The development of a slightly misshapen head and face is quite common in babies that are born extremely preterm (i.e. less than 28 weeks gestational age). The bones of a preterm baby are still soft so when she lays against a surface the skull can be forced slightly out of shape. Most often this appears as a sort of flattening of the back or side of the head.

Preventing head flattening

To prevent head flattening, you should reposition your baby’s head. Discuss how often this should be done with your babies nurse or doctor. Research has not come to a consensus on the best frequency of repositioning.

(Hummell & Fortado, 2010a, 2010b)


  • To prevent head flattening, you should reposition your baby’s head. Discuss how often this should be done with your babies nurse or doctor. Research has not come to a consensus on the best frequency of repositioning.
  • Preemie infants should be placed on their stomach frequently when awake and supervised. “Tummy time” can be on a flat surface, on parent’s chest, or over the parent’s leg with one knee raised to elevate the baby’s head. When this is safe and appropriate will depend on your baby’s medical status, check with your nurse or paediatrician as to when this is safe.
  • When safe to do so, premature infants should lie, play, feed, and be carried in varying positions.
  • Ask people to talk quietly when they are close to your premmie
  • A number of products have been designed to help prevent flattening, although research has not, as yet, shed light on which method or product works best.
  • Products: water pillows, water-beds, soft air-filled mattresses and soft donut-shaped head supports.

(Hummell & Fortado, 2010a, 2010b)


Sleeping on Preemie’s Front or back?

In the past most NICUs would care for premature babies on their back. The reason being it was easier to see how they were and to position NICU equipment such as umbilical catheters and ventilator tubes.

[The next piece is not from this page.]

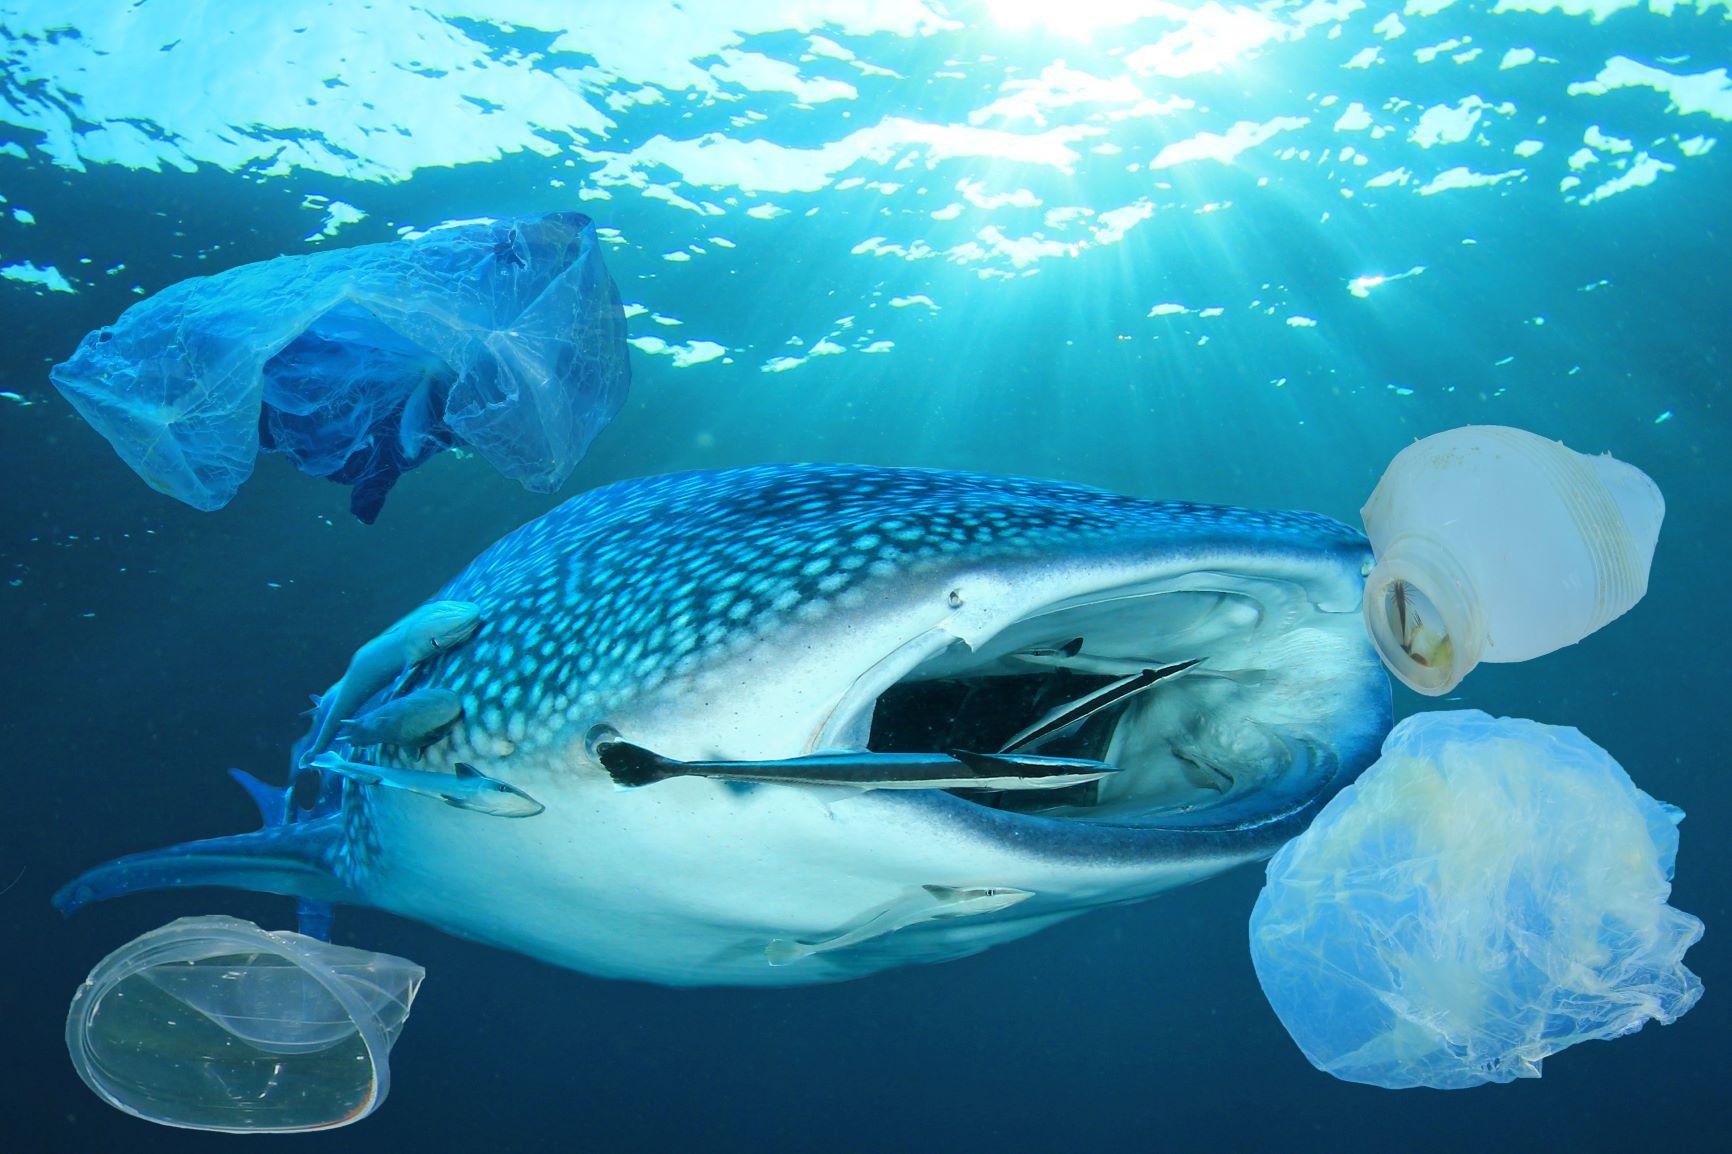 rantai-makanan-di-laut

More recently, scientific research has suggested that preterm infants used up too much energy, and had lower levels of oxygen in their blood, when they were laid on their backs, as a result NICU staff will usually place preemies on their front instead.

Advantages to sleeping on baby's front


  • Babies use less energy (premature babies have little to spare)
  • Spending more time asleep
  • Less fidgeting and restless movement
  • Slower heart rate and more stable breathing


(Bradford, 2003)


Research: Sleeping on Preemie’s Front or back at home?


  • In the NICU it is safe for your baby to sleep on their front because they are constantly monitored.
  • At home it is much safer for your baby to sleep on their back.
  • Many NICU’s will begin getting babies who have been happily sleeping on their fronts in hospital used to sleeping on their backs before they go home.

(Bradford, 2003)

Learn more about Good positioning in the NICU


Technical Reference List

Bradford, N. (2003). Your premature baby the first five years. Toronto: Firefly Books.
Hummell, P., & Fortado, D. (2010a). Impacting Infant Head Shapes: Educating Parents. Medscape.
Hummell, P., & Fortado, D. (2010b). Impacting Infant Head Shapes: Preventing Positional Plagiocephaly and Dolichocephaly in the NICU. Medscape



AlbertEinstein_iconOne of the greatest minds in history, Albert Einstein was born preterm.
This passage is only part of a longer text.